What is required –
Your answer should hold only the lines from the one containing "Agung Budi Raharsa" through the last line below, copied exactly; pictures stay out.
*** Information shown Section Begins ***
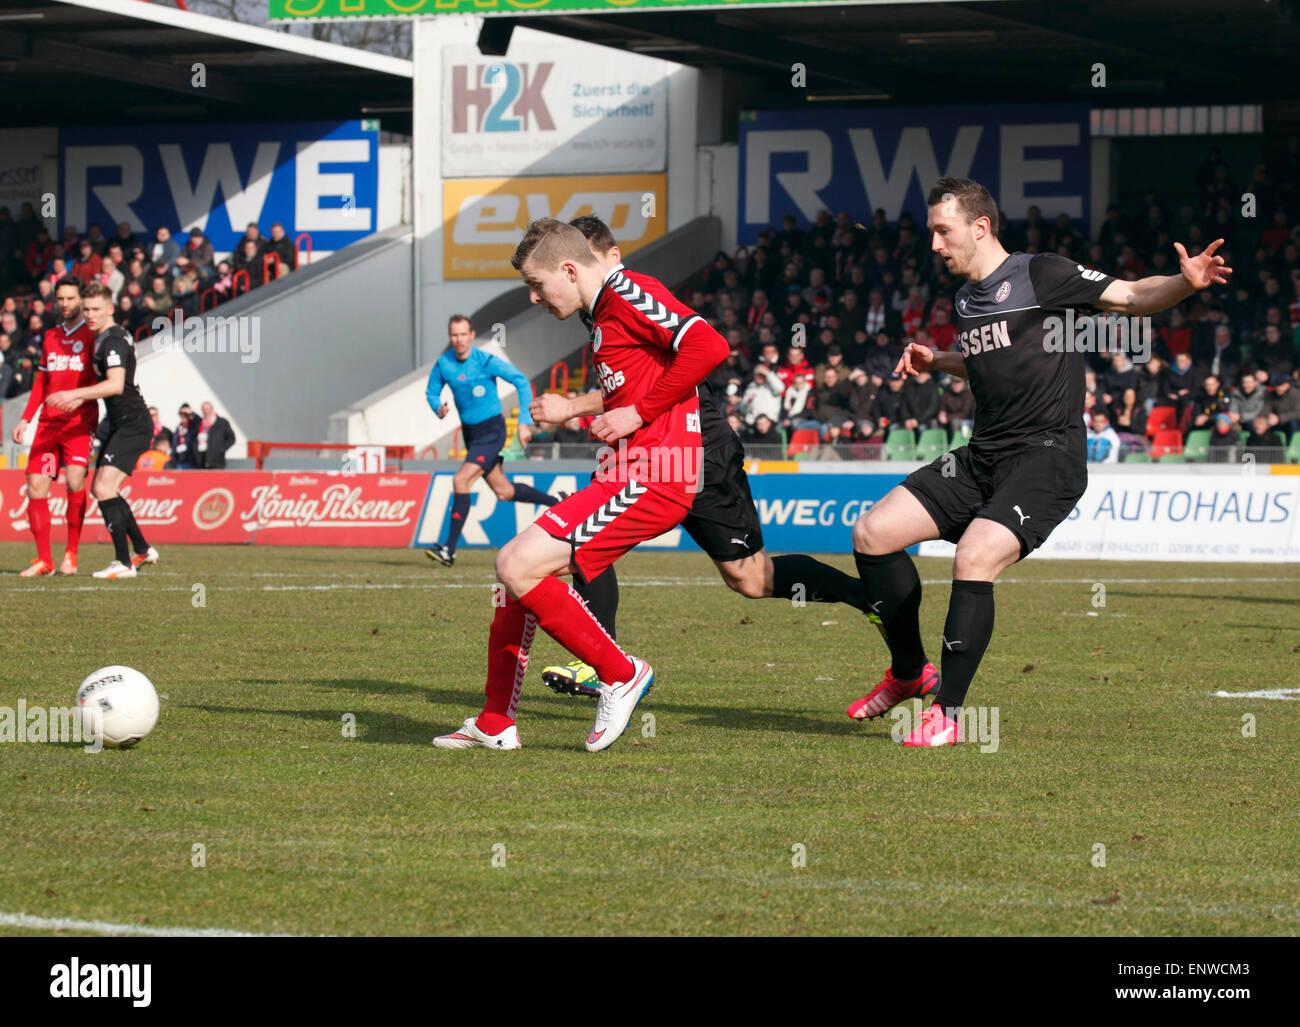 sports, football, Regional League West, 2014/2015, Rot Weiss Oberhausen versus Rot Weiss Essen 1:0, Stadium Niederrhein - Stock Image
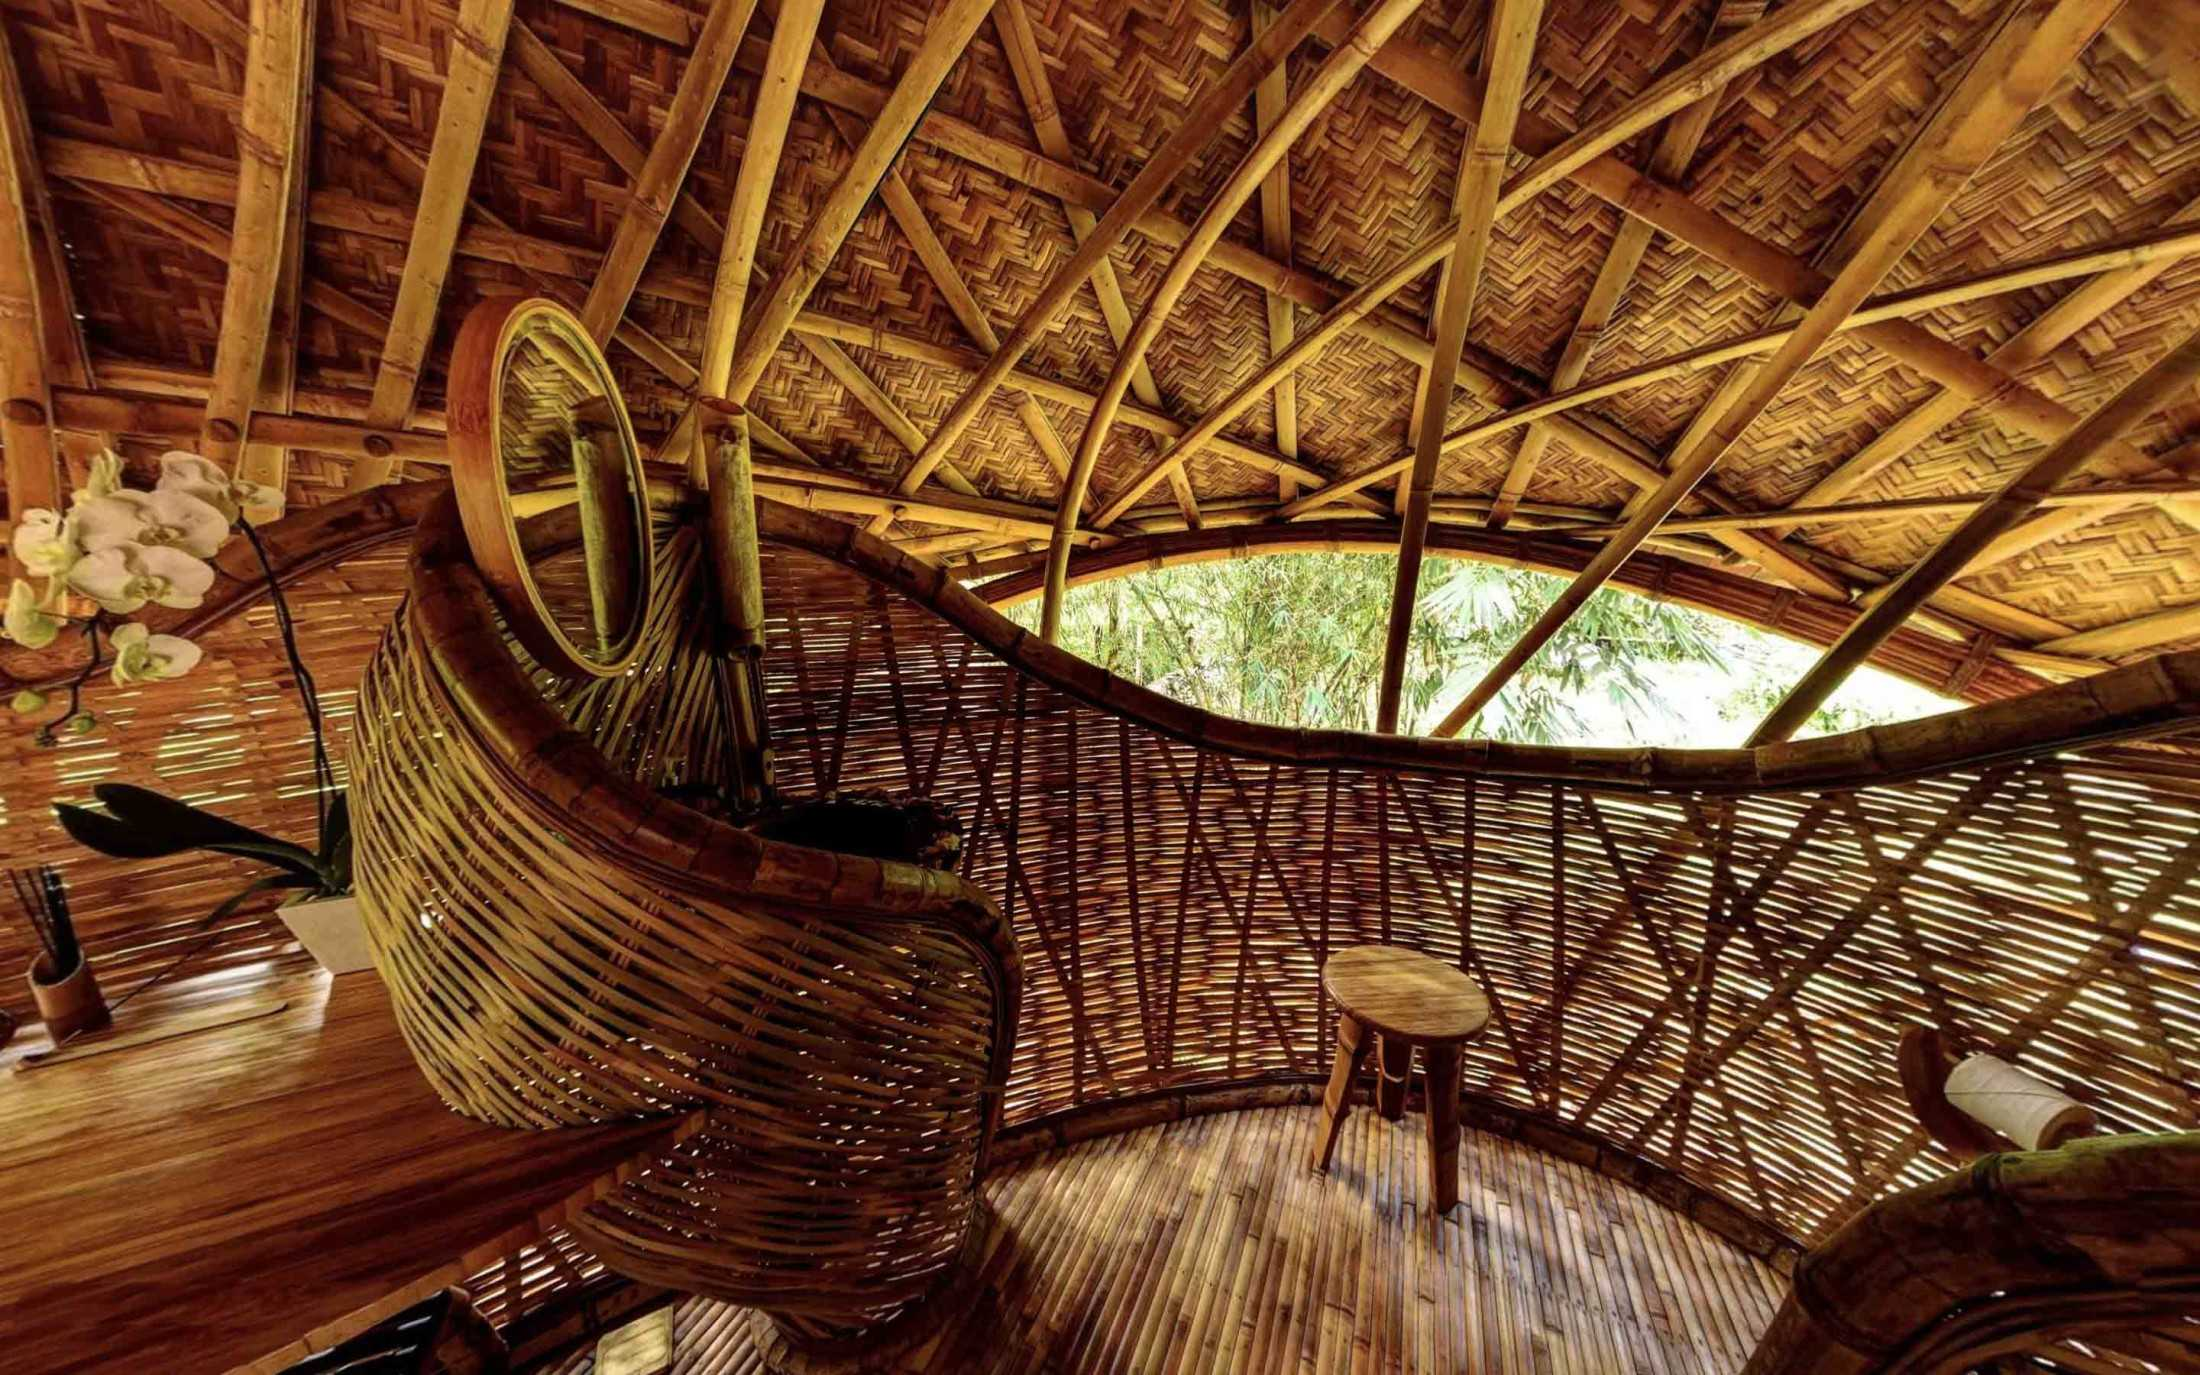 Agung Budi Raharsa | Architecture & Engineering Riverbend Bamboo House - Bali Bali, Indonesia Bali, Indonesia Agung-Budi-Raharsa-Riverbend-House-Bali  88725
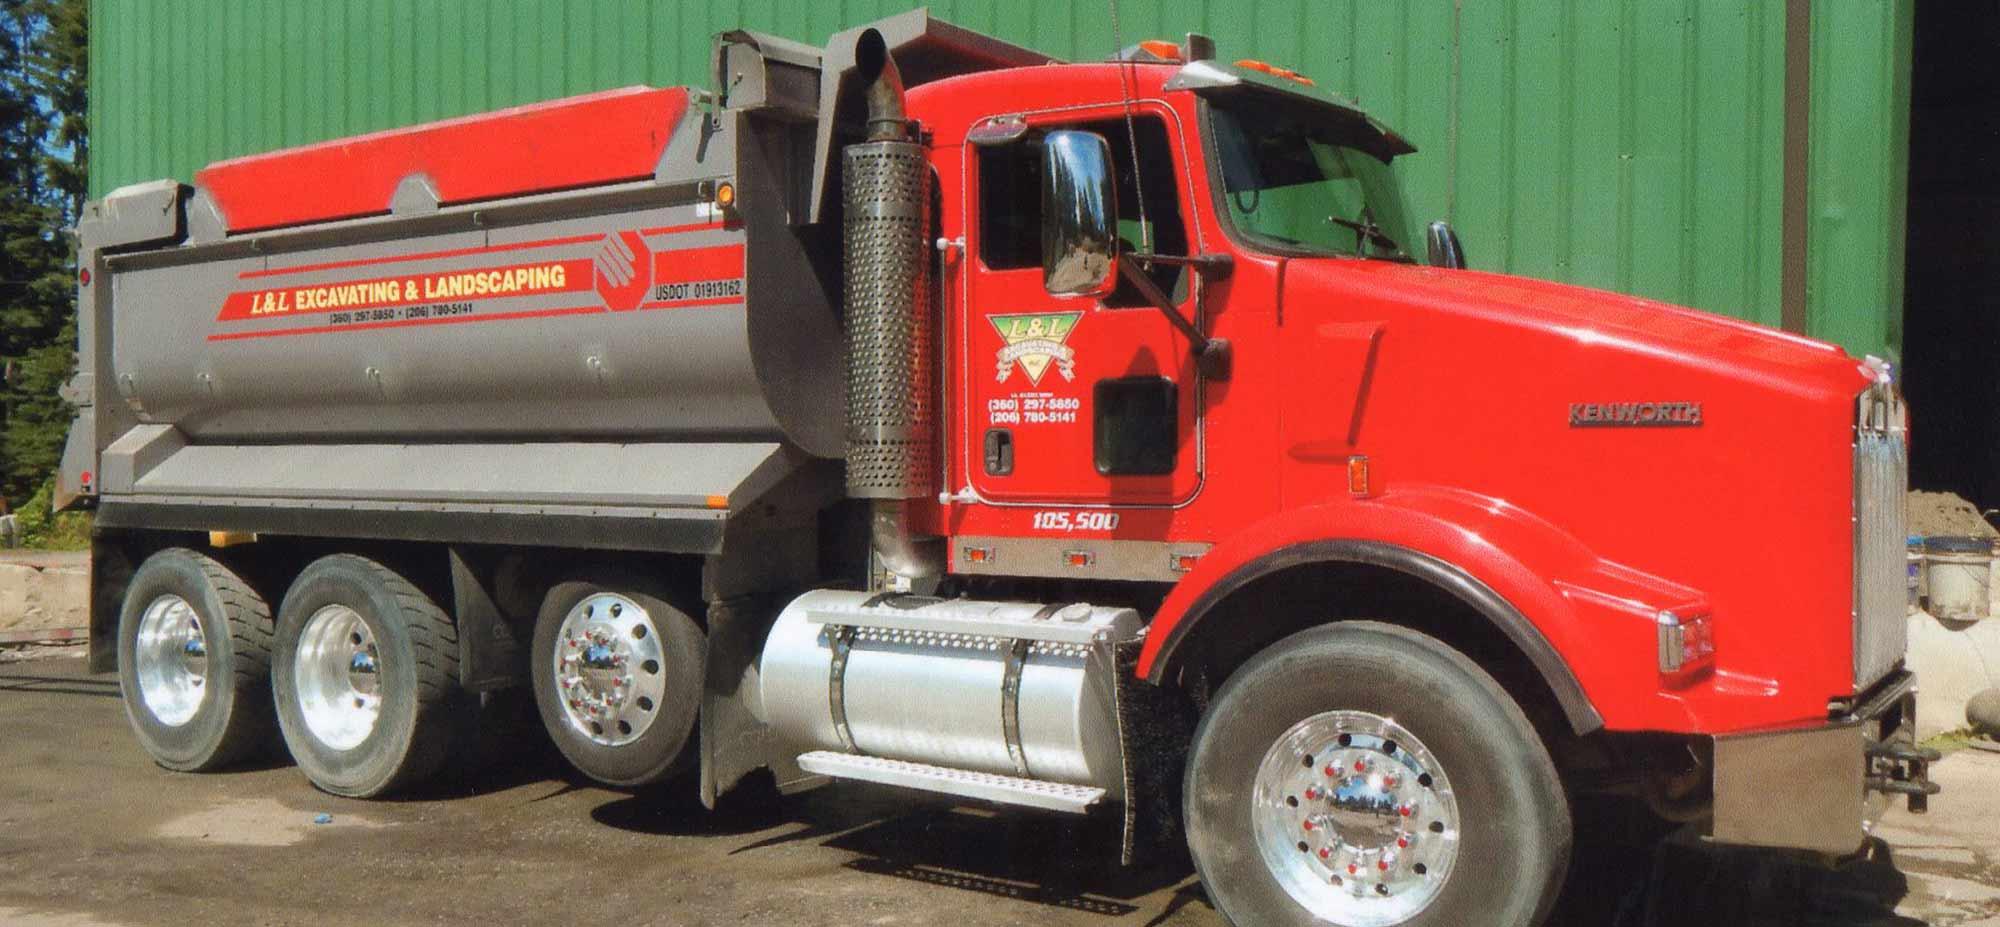 L & L Excavating & Landscaping Truck
*** Information shown Section Ends ***
Solved exercise –
 Agung Budi Raharsa | Architecture & Engineering Riverbend Bamboo House - Bali Bali, Indonesia Bali, Indonesia Agung-Budi-Raharsa-Riverbend-House-Bali  88725
 L & L Excavating & Landscaping Truck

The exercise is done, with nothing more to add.